Чувствуется, что автор испытывает к своему герою по-настоящему теплые чувства, что Борис Рыжий для него — поэтическая величина бесспорно. Труд огромен, и написать его, не будучи уверенным в том, что пишешь, на трезвый взгляд, просто невозможно.

Тем прискорбнее наблюдать те низины духа, какие Екатеринбургское писательское сообщество в лице одного из лучших своих представителей воспринимает как данность литературы.

«Он не описывал мир, даже не познавал его — Борис Рыжий в поэзии сразу же ухватил быка за рога: он взял жизнь за смерть, а смерть за жизнь»,

— запальчиво восклицает в начале своего очерка Юрий Казарин.

Так-то оно так, но что же все-таки делал Борис Рыжий в поэзии? Отвечу: только такой высокопарной абракадаброй и можно обозначить то, что творил этот человек в литературе.

Очерк назван «Поэт Борис Рыжий: постижение ужаса красоты». Слово «ужас» очень здесь уместно, оно просто прилипает к Борису Рыжему куда более крепко, чем даже слово «поэт». Здесь автора очерка, тонкого знатока и ценителя языка, чувство слова не обмануло. Одно замечание: гораздо точнее было бы сказать — «постижение красоты ужаса».

Цель моей работы — попытаться бегло прокомментировать некоторые высказывания уважаемого профессора филологии, попытаться понять их в меру собственного разумения и сделать какие-никакие, но выводы. Опять же, повторюсь, в меру собственного разумения, не претендуя быть истиной в последней инстанции.

С самого начала своего очерка Юрий Казарин пытается изящно сгладить острые углы лирики Бориса Рыжего: смысловой открытостью, тематической противоречивостью, «когда бытовая альтернативность, если не маргинальность, становится материалом выражения бытийного», он называет тягу поэта к изображению грязных сторон жизни, ее изнанки, использование жаргона, сниженной лексики, а то и просто мата.

Посмотрите, как укутана эта сторона творчества Бориса Рыжего — вседозволенность, неуважение к нормам и традициям литературы, морали — в глубокие наблюдения и рафинированную утонченность:

«Борис Рыжий понимал, что он живет не по одному, а сразу по нескольким авторизированным сценариям — как внешним, так и внутренним.
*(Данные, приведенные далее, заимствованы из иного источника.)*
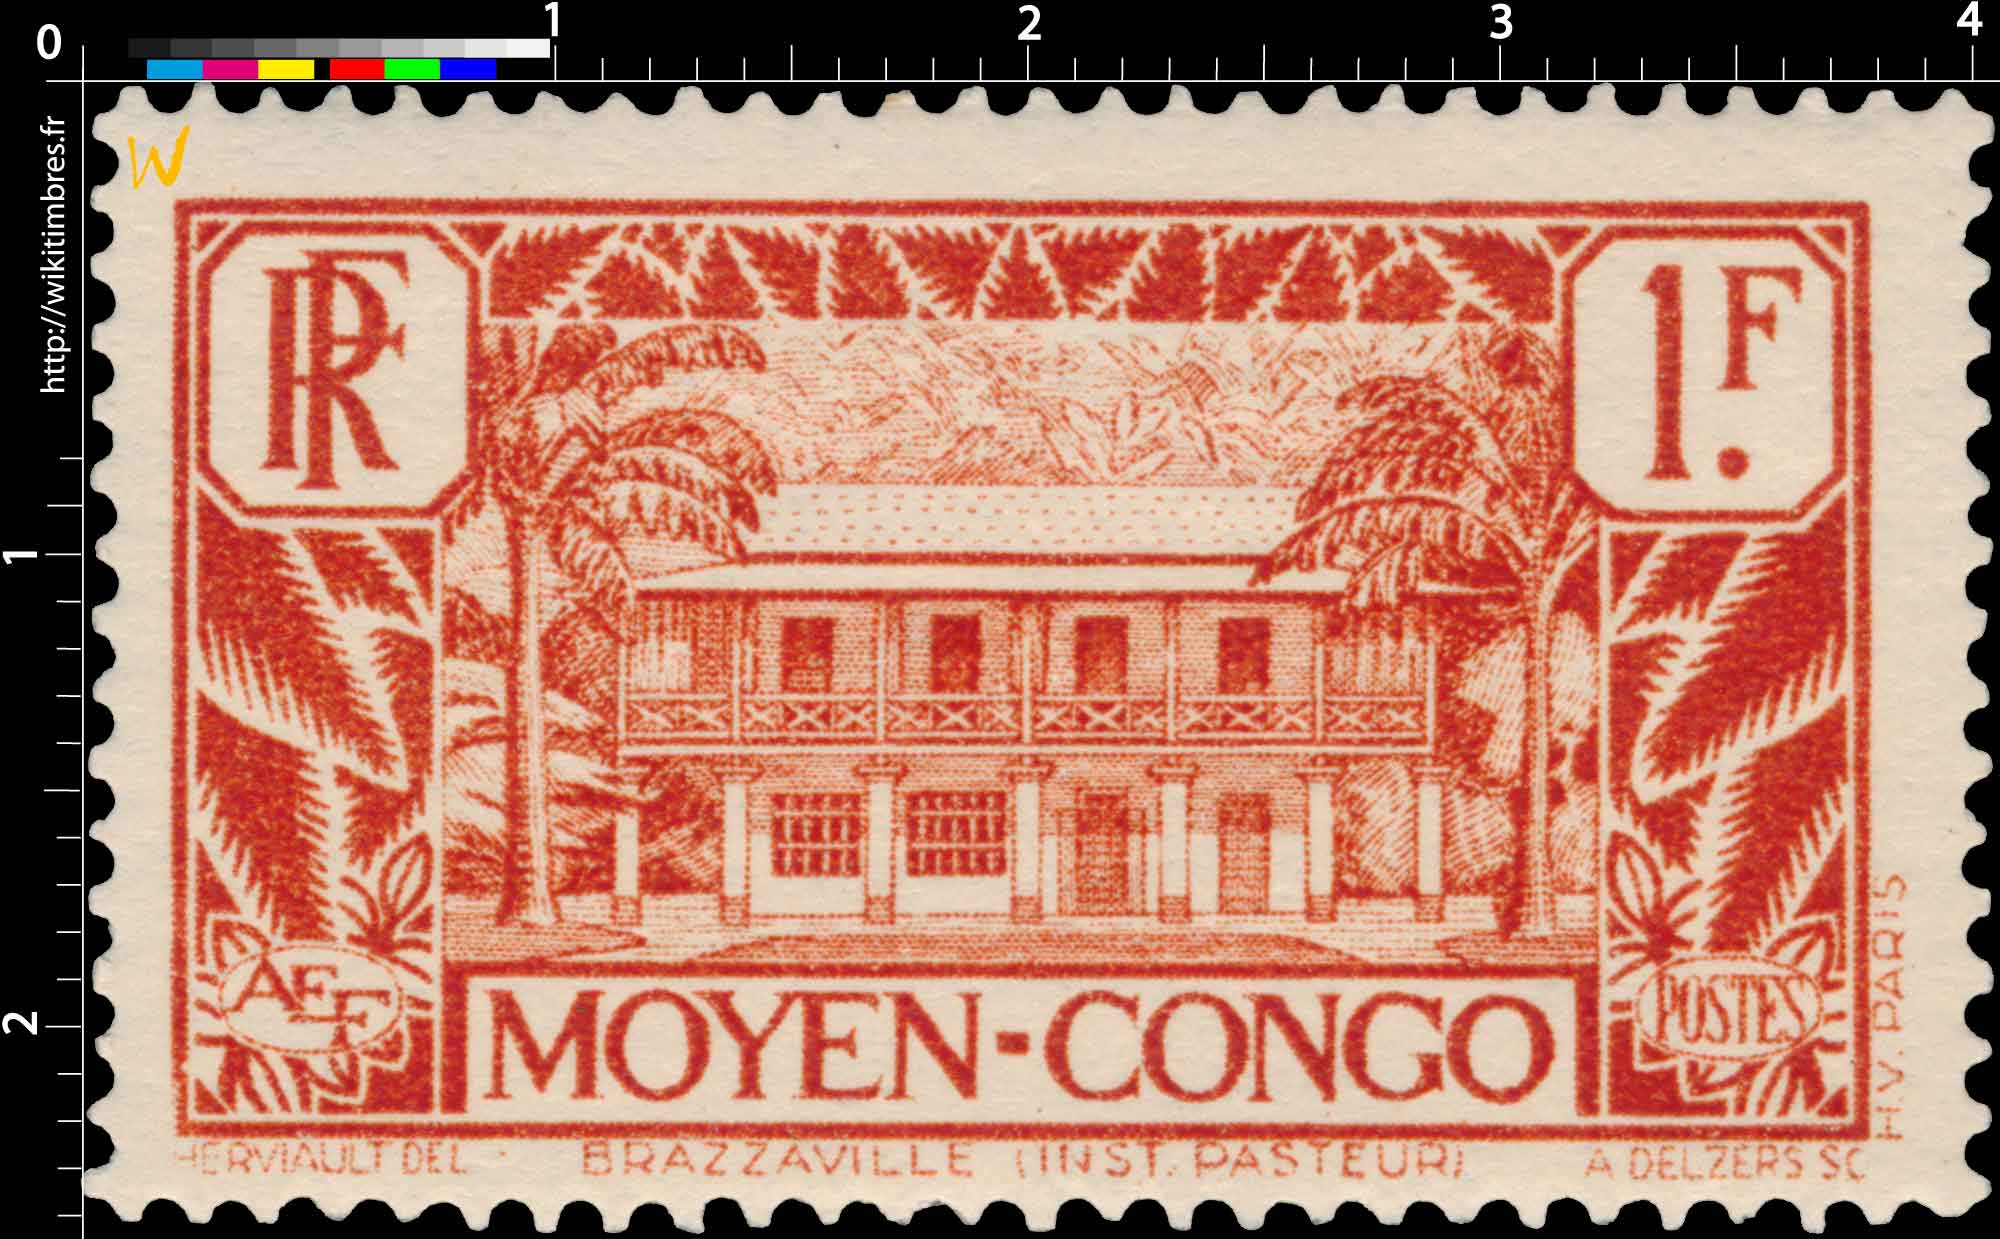 Moyen Congo - Institut Pasteur - Brazzaville

В этом заключается жизненная трагедия поэта, которая чудесным образом делает эстетику искусства этичной, а этику жизни — эстетичной…

…Категория всеведения поэта, о которой в начале ХХ века вспомнил А. Блок, может легко и незаметно трансформироваться в категорию вседозволенности, т.к. поэт, учась быть человеком, все-таки постоянно находится в процессе языкового стресса, который принято называть поэтической одаренностью или поэтическим талантом. Поэт — всегда рыжий».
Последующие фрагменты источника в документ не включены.